* [Dataset excerpt]

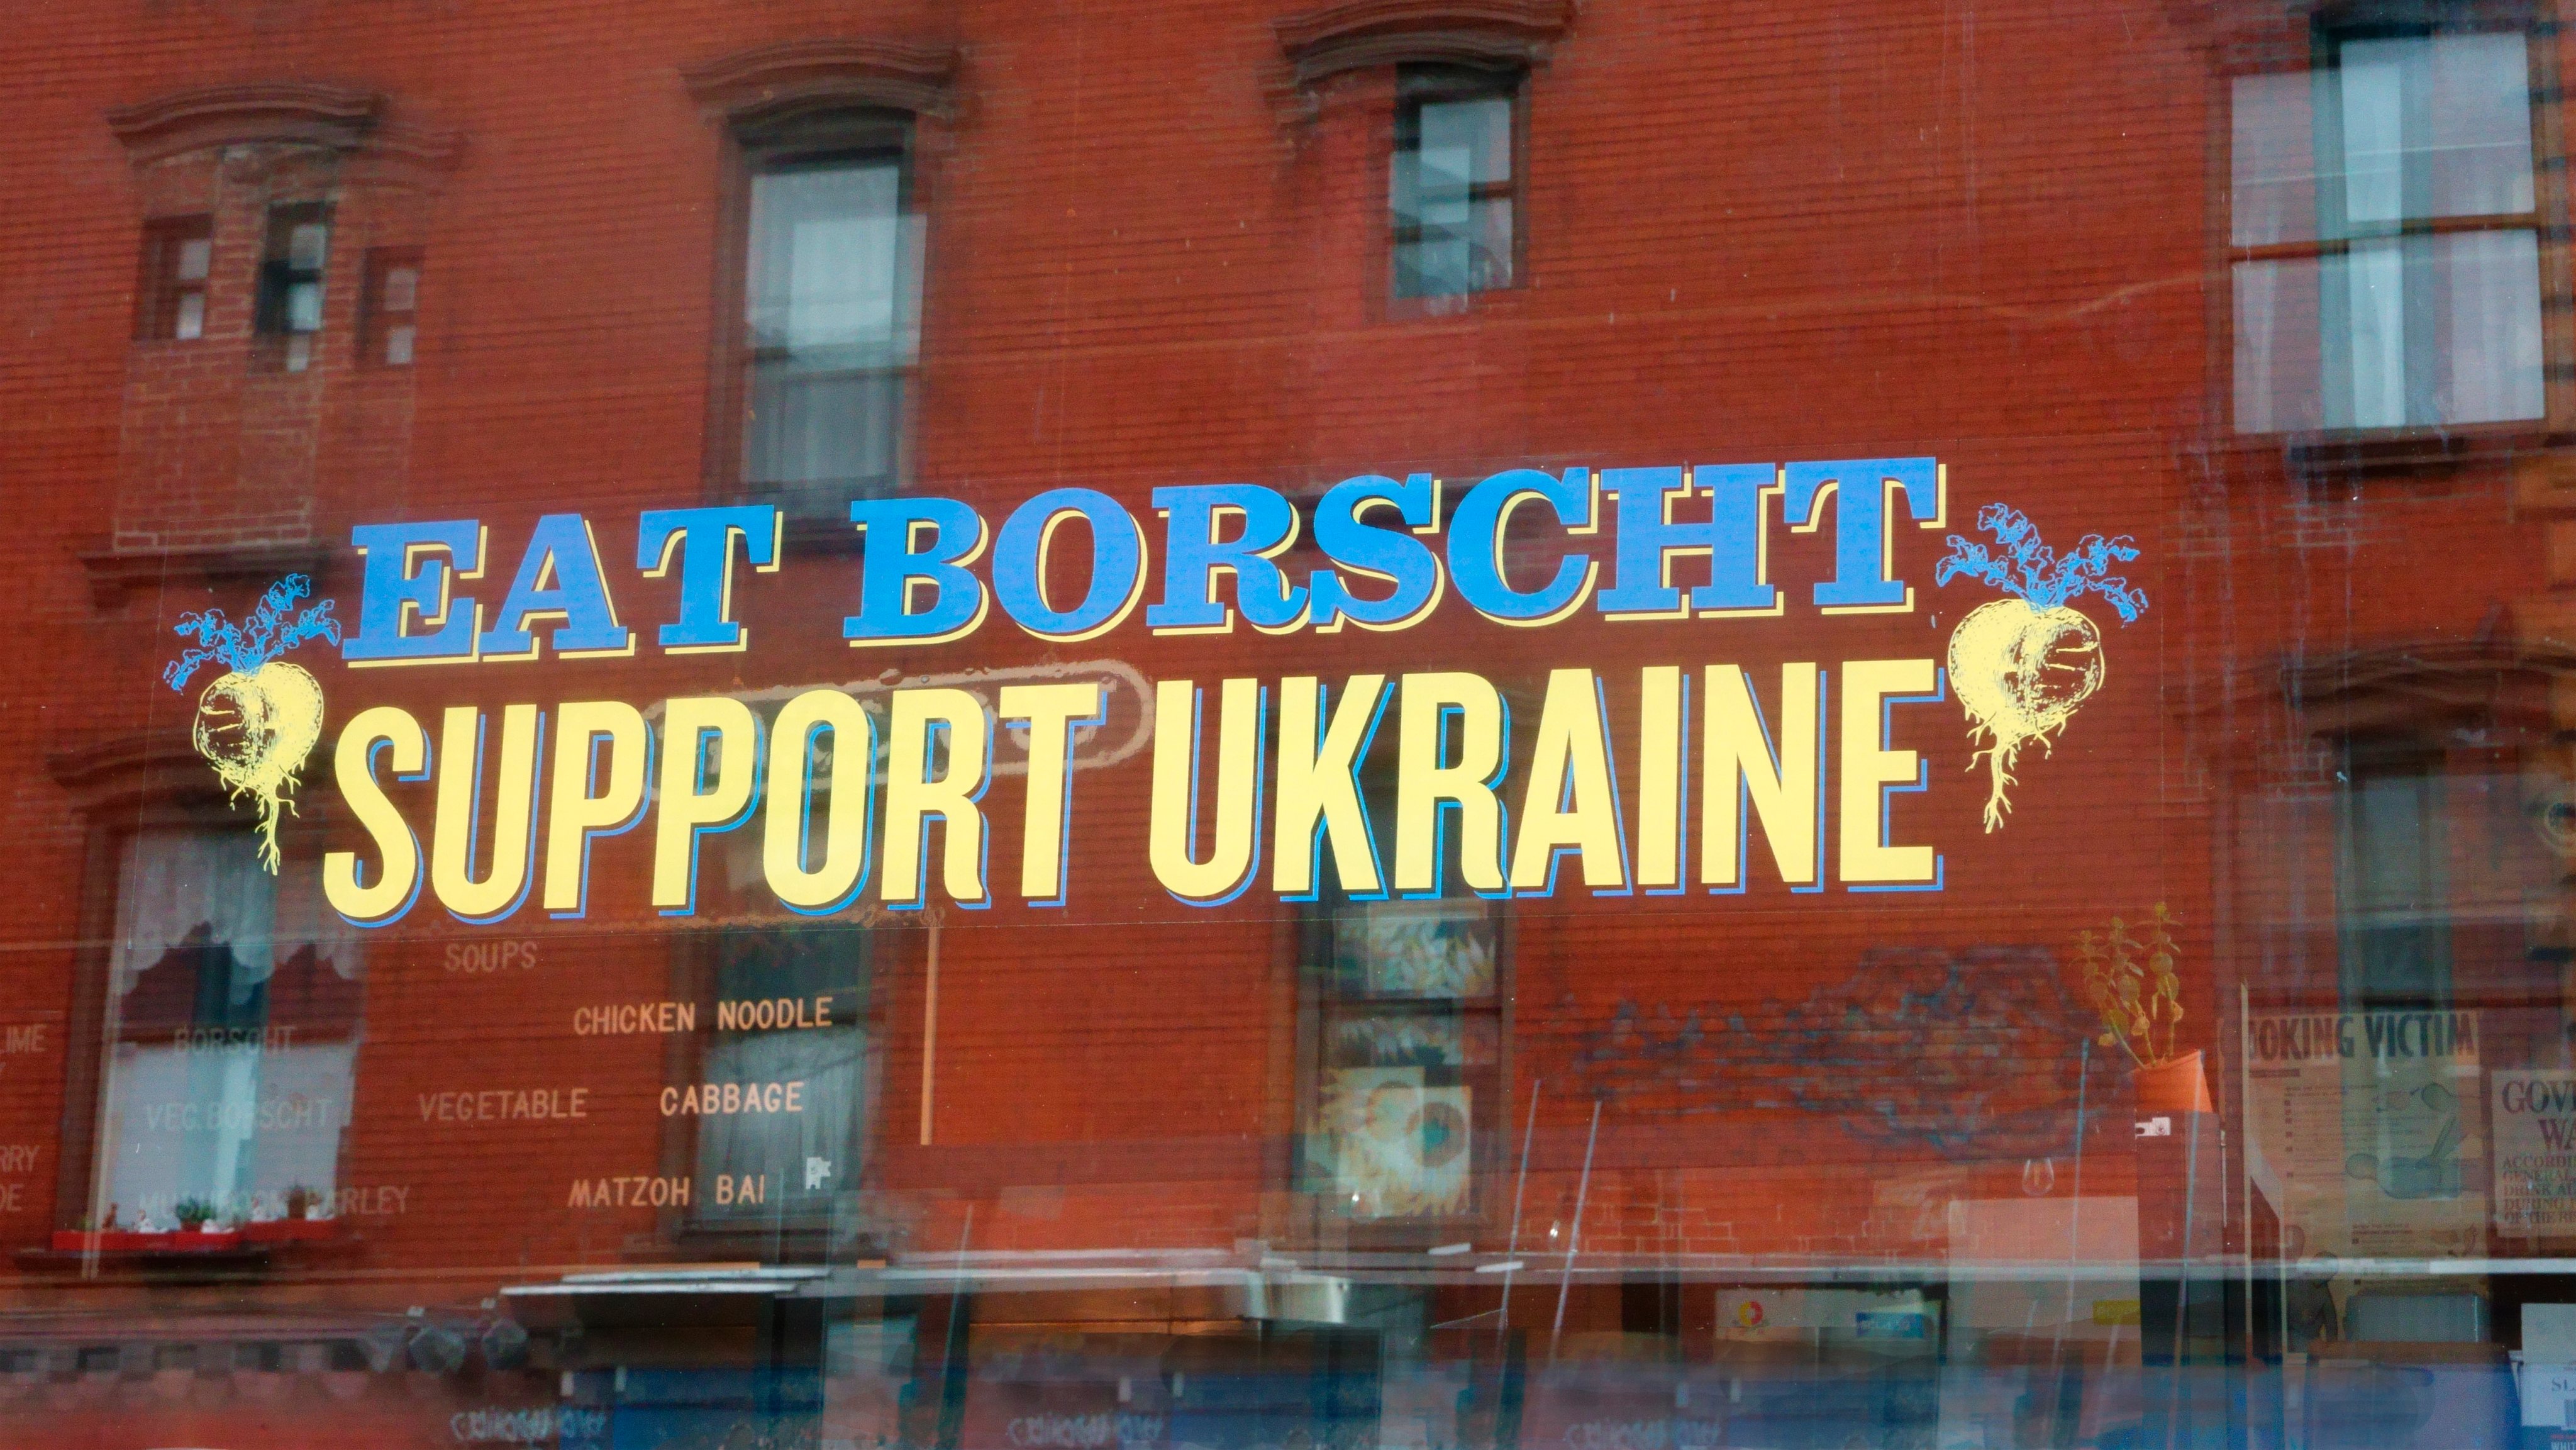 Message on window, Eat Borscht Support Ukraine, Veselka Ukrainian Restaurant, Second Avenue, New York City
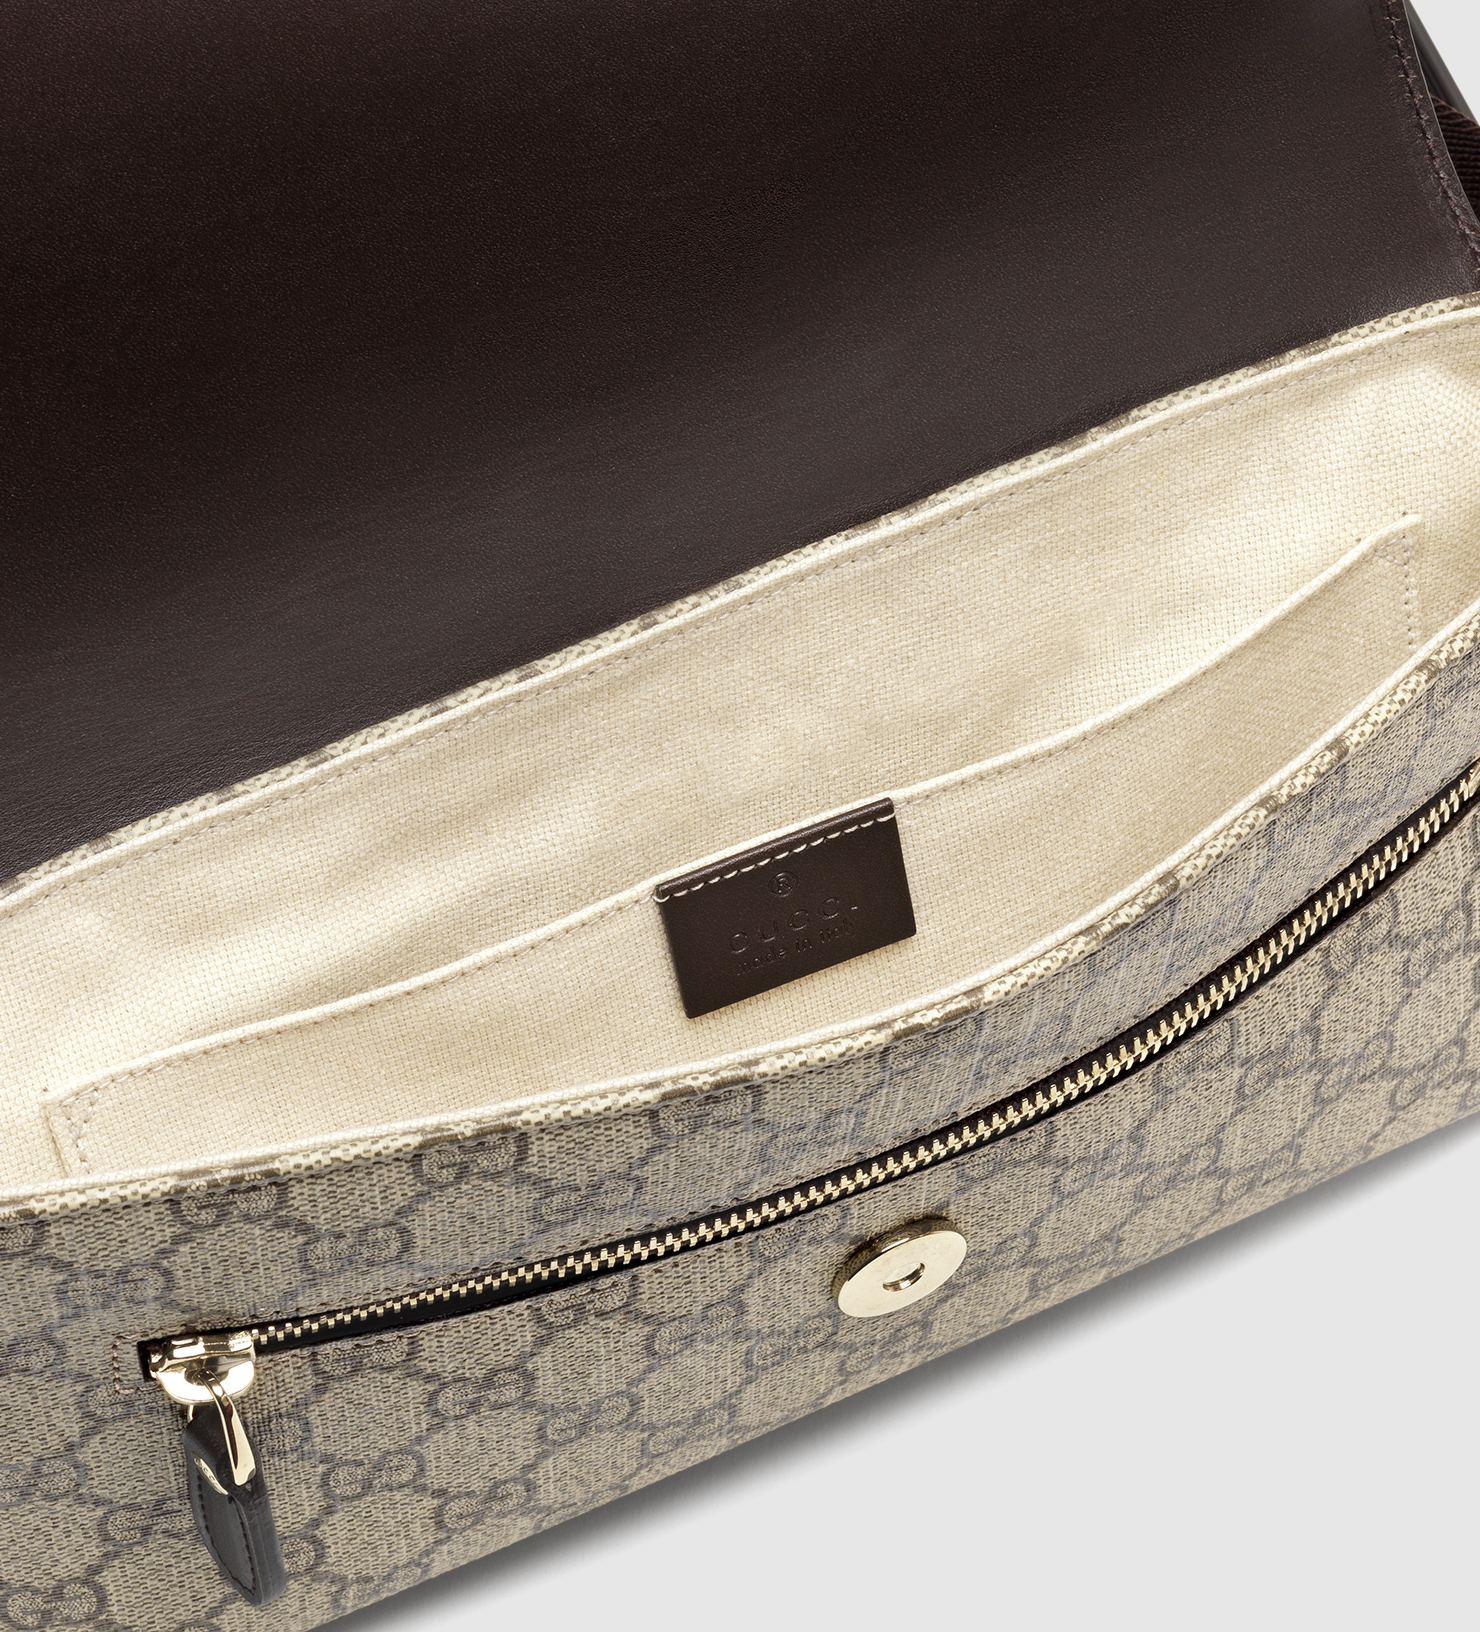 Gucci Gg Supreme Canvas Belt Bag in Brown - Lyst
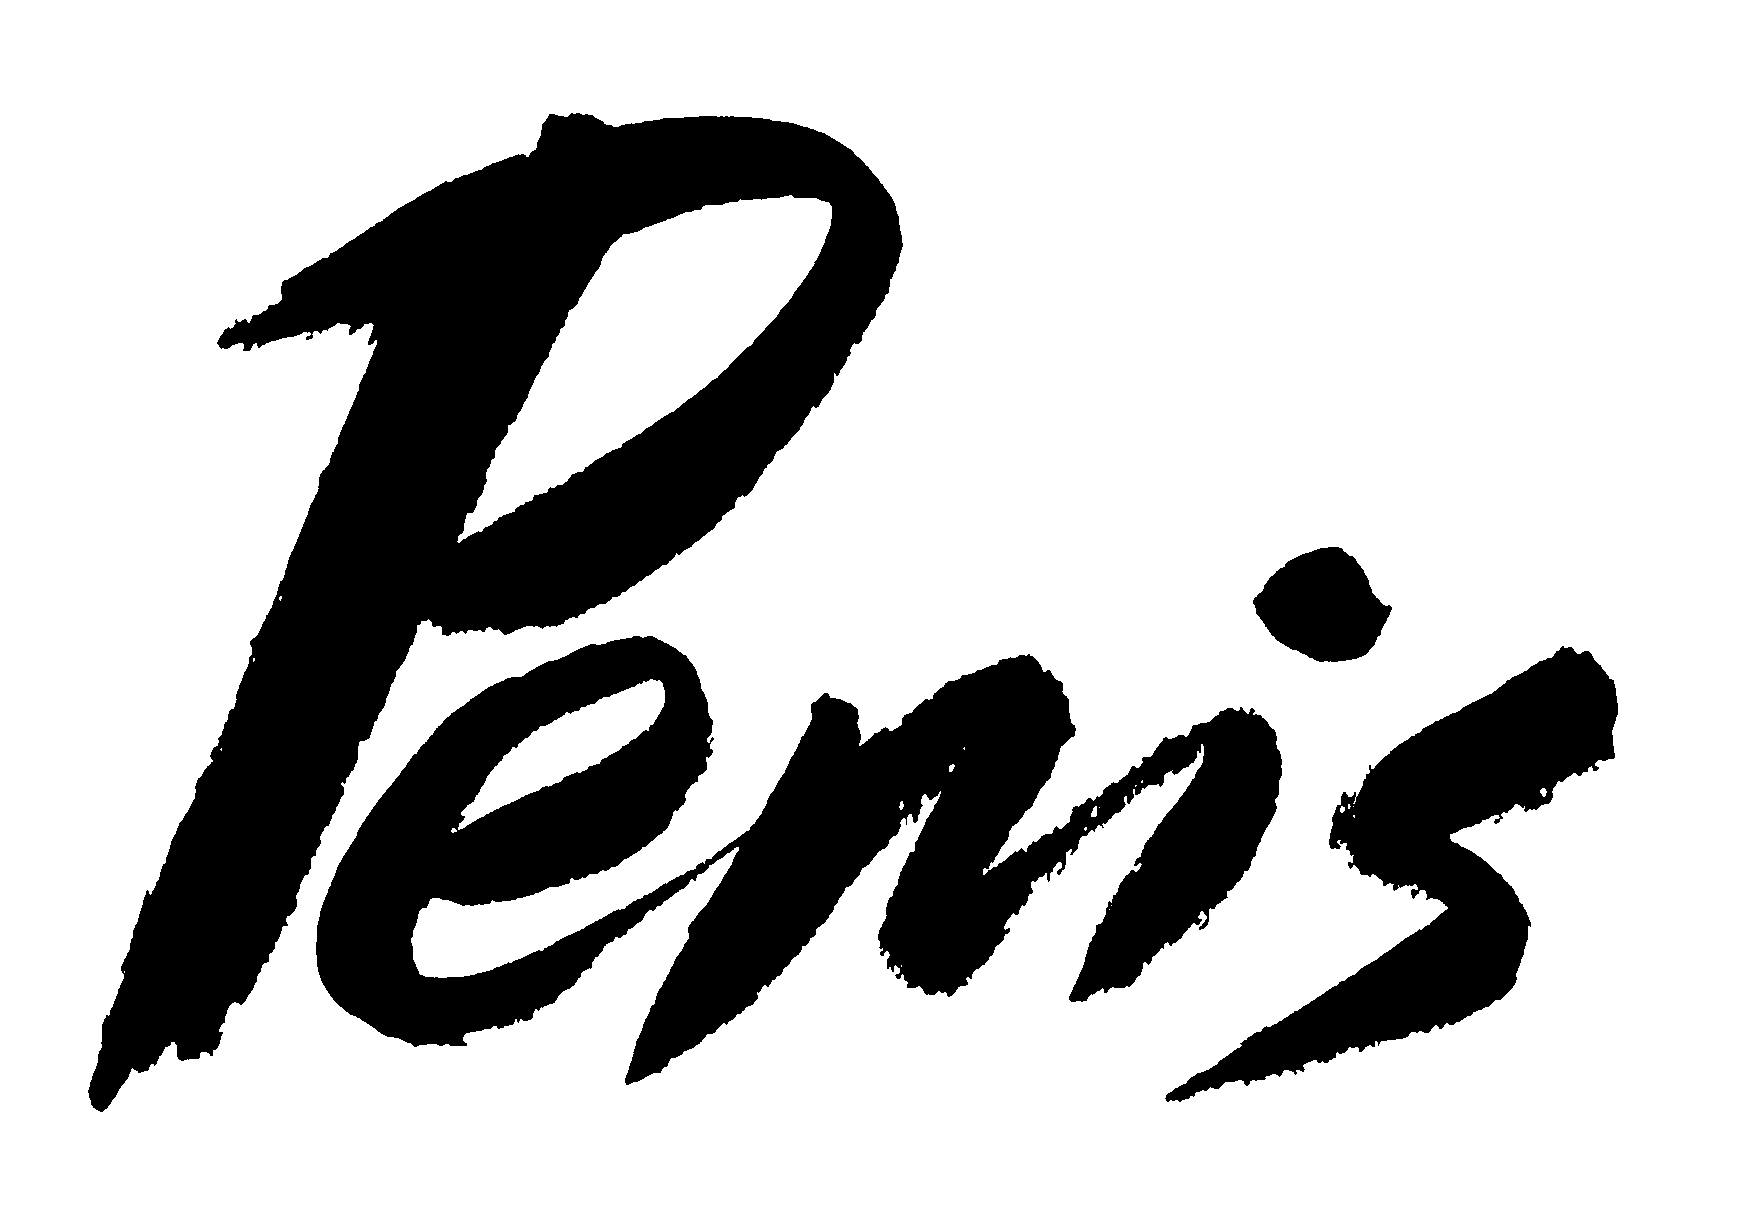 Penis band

* [Instructions for the task] Give back the entire listing verbatim, without the pictures.

* [Solution for this task]
 Message on window, Eat Borscht Support Ukraine, Veselka Ukrainian Restaurant, Second Avenue, New York City
 Gucci Gg Supreme Canvas Belt Bag in Brown - Lyst
 Penis band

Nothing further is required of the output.